The Governor of the Bank of Namibia has expressed concern at the ever widening trade deficit between Namibia and its trading partners.
Governor Ipumbu Shiimi said Wednesday that the continued widening of the trade deficit warrants monitoring as it may further affect the level of international reserves.
Shiimi said although current reserves as at the end of May, are enough to cover three months of export cover as well as meeting the country’s other international obligations, there was need to investigate the items that are being imported into the country with a view to taking corrective measures if the imported products are not going into productive sectors.
Shiimi said this when he announced the central bank’s decision to leave the repo rate at 5.50%.
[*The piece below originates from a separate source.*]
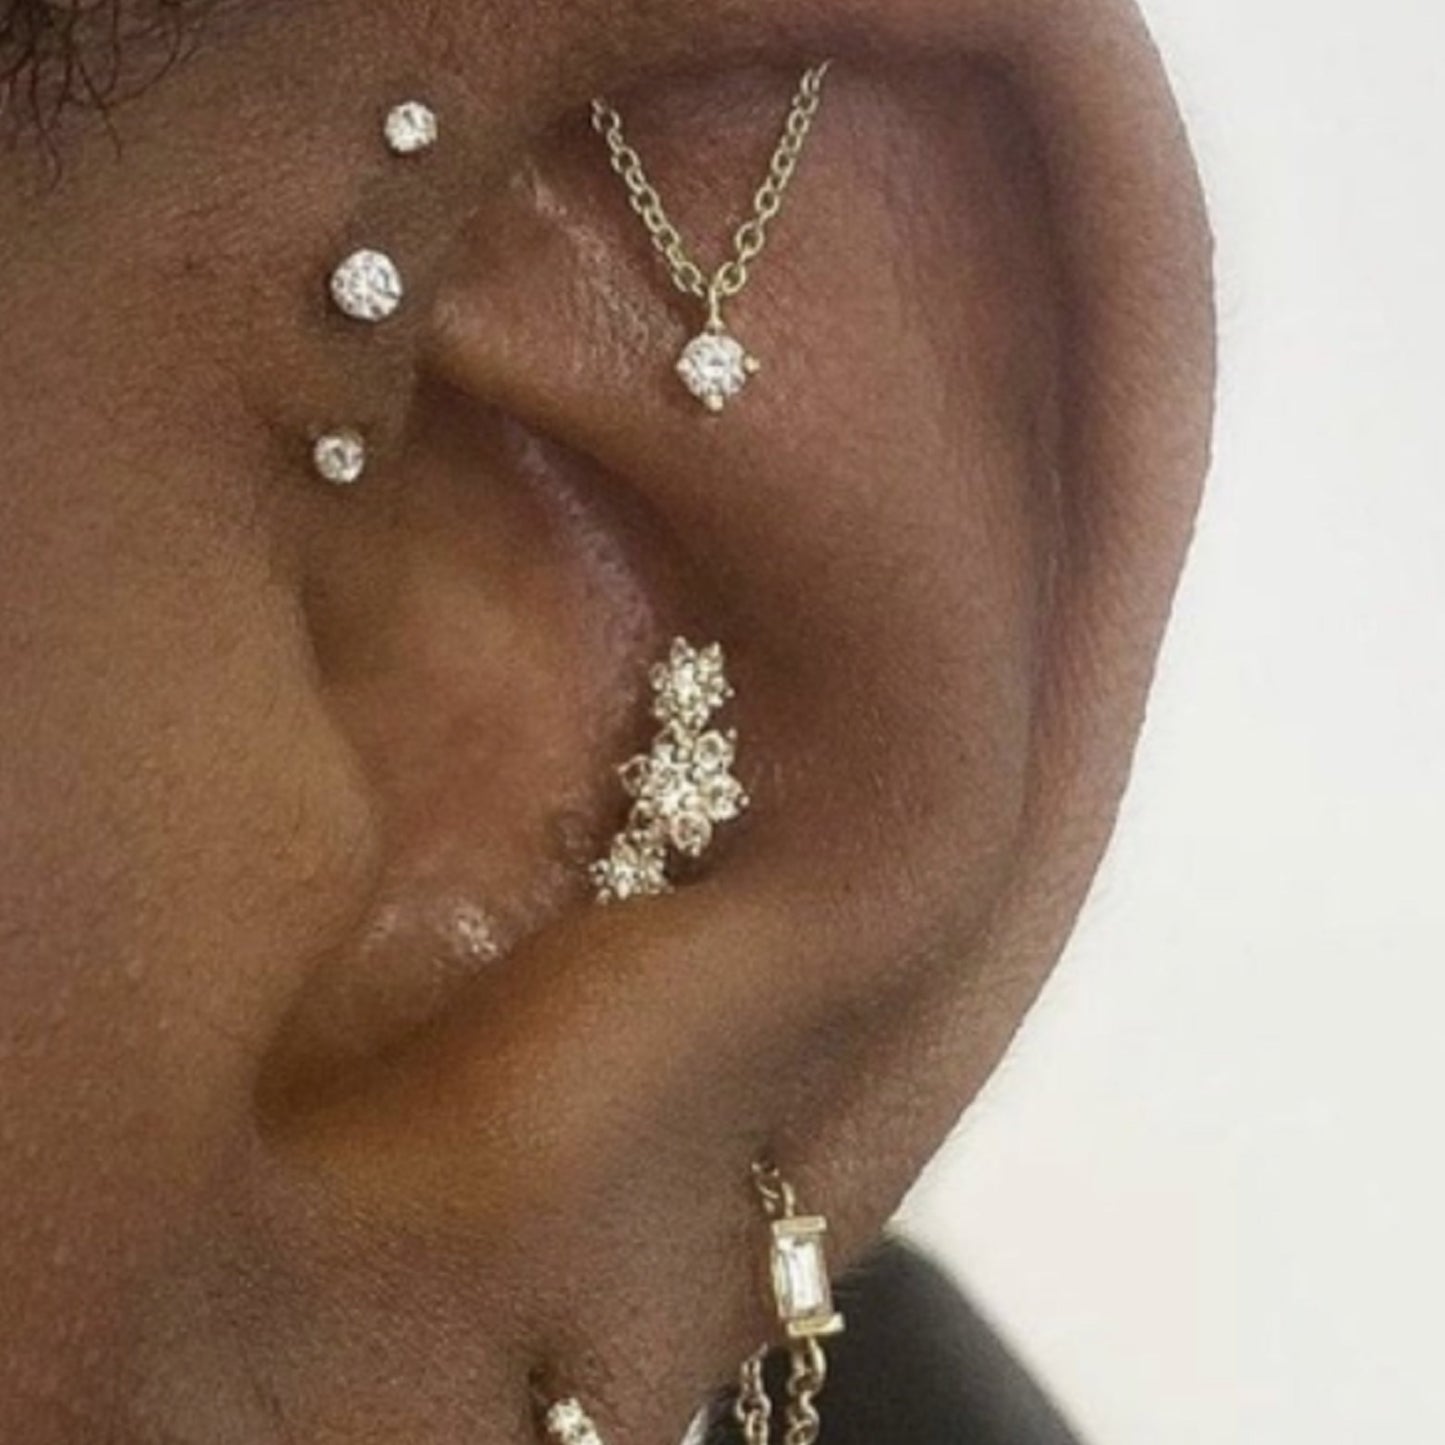 Diamond Chain Earrings, Industrial Piercing Earrings

He said: “Once you get to the bottom of that, you then decide on the targeted policy measures …at the moment I will be speculating [what those measures will be.”
He said the  measures to be taken will depend on the findings, and that any decision that will be taken, if there is a need, will be a collective effort between government agencies.
“It may not only be the Bank of Namibia. Infact this is a national issue and therefore it has to be looked at at a national level and the policy measures that Namibia is likely to take, if that is the concern, is going to be a national policy. At the moment I will not be able to point out what exactly is Namibia going to do.”
He, however, briefed the Economist on some of the possible measures that can be implemented in the case that the country is importing unproductive goods.
He said: “You have to see if it is, for instance, motor vehicles, or it is perhaps things like electronic equipment or things like that and how they are financed. If they are financed on credit, for instance, do you want to take specific measures to reduce the attractiveness of credit on those particular items. That is one example or is it something that the minister of finance can consider a higher tax or something like that.
“So there are various measures that one can take but one needs to understand first what is the nature of the problem if indeed there is a problem because as I have said, we are also of the view that currently we have big mining projects like Husab taking place. Many of those goods seem to be destined for the construction of those mines, and if that is the case then we are not concerned because soon Husab will start to produce and sell outside and therefore the country will earn foreign exchange.”
The governor also expressed concern at the lower metal prices currently prevailing because of weak global economic conditions since proceeds from metal sells constitute a big percentage of Namibia export earnings.
“The implication [of lower metal prices] of course is that export earnings will be reduced, but I think what is also pleasing is that although we see this decline, we should acknowledge that metal prices were very high and maybe they are only coming to the normal levels and therefore our mines should be able to survive with those normal level prices.
“What is also helping is the exchange rate that has weakened a bit and I think that has also provided a level of cushion to our mining producers,” Shiimi said.